FYMS and Commissioner of Taxation (Taxation)
[2022] AATA 456
•14 March 2022
FYMS and Commissioner of Taxation (Taxation) [2022] AATA 456 (14 March 2022)
Division:TAXATION AND COMMERCIAL DIVISION
File Number(s): 2020/4162
Re:FYMS
APPLICANT
AndCommissioner of Taxation
RESPONDENT
DECISION
Tribunal:Deputy President Bernard J McCabe
Date:14 March 2022
Place: Perth
The application for orders under s 37(2) of the AAT Act or for the issue of a summons directed to the respondent is refused.
.........................[SGD]..........................

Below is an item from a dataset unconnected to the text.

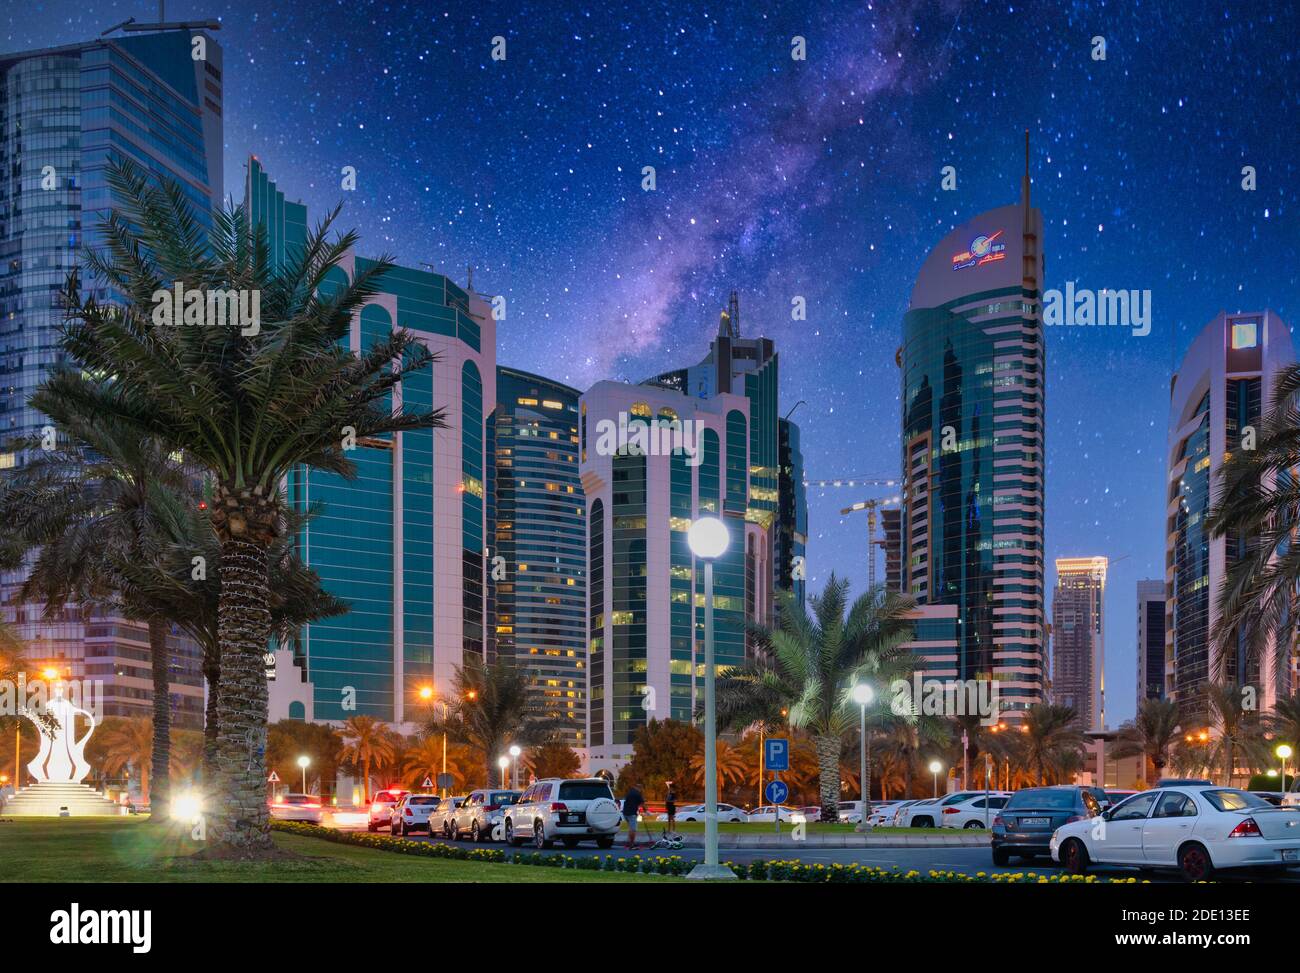 Doha Qatar skyline at night from Sheraton park  with cars , people in street and stars in the sky Stock Photo

Deputy President Bernard J McCabe
CATCHWORDS
PRACTICE AND PROCEDURE –– whether the Tribunal can direct the respondent to produce the identified documents pursuant to s 37(2) of the AAT Act – whether the Tribunal can agree to a request from the applicant to issue a summons to the respondent requiring production of the documents in question pursuant to s 40A(1)(b) of the AAT Act – the application for orders directed to the respondent is refused.
LEGISLATION
Administrative Appeals Tribunal Act 1975
Income Tax Assessment Act 1936
Taxation Administration Act 1953
CASES
Australian Prudential Regulatory Authority v VBN [2005] FCA 1868
Commissioner of Taxation v ACN 154 520 199 Pty Ltd (in liq) (formerly EBS & Associates Pty Ltd) [2018] FCA 1140
Hawkins v Commissioner of Taxation [2019] FCA 627
Secondary Materials
REASONS FOR DECISION
14 March 2022
FYMS, the applicant in these proceedings, has asked the Tribunal to require the Commissioner of Taxation to provide access to certain documents. (One of the documents, which I will discuss below, was included – inadvertently, the Commissioner says – in the documents filed pursuant to s 37(1) of the Administrative Appeals Tribunal Act 1975. The Commissioner has asked for that document to be uplifted from the ‘T’ documents and returned.) FYMS says the documents it seeks are potentially probative and relevant to the Tribunal’s review. It says it would be convenient and appropriate to see the documents at this stage of proceedings which challenge the objection decision made in relation to the amended assessments.
Specifically, FYMS has asked the Tribunal to either:
·direct the Commissioner to produce the identified documents pursuant to s 37(2) of the AAT Act; or
·agree to a request from the applicant to issue a summons to the Commissioner requiring production of the documents in question pursuant to s 40A(1)(b) of the AAT Act.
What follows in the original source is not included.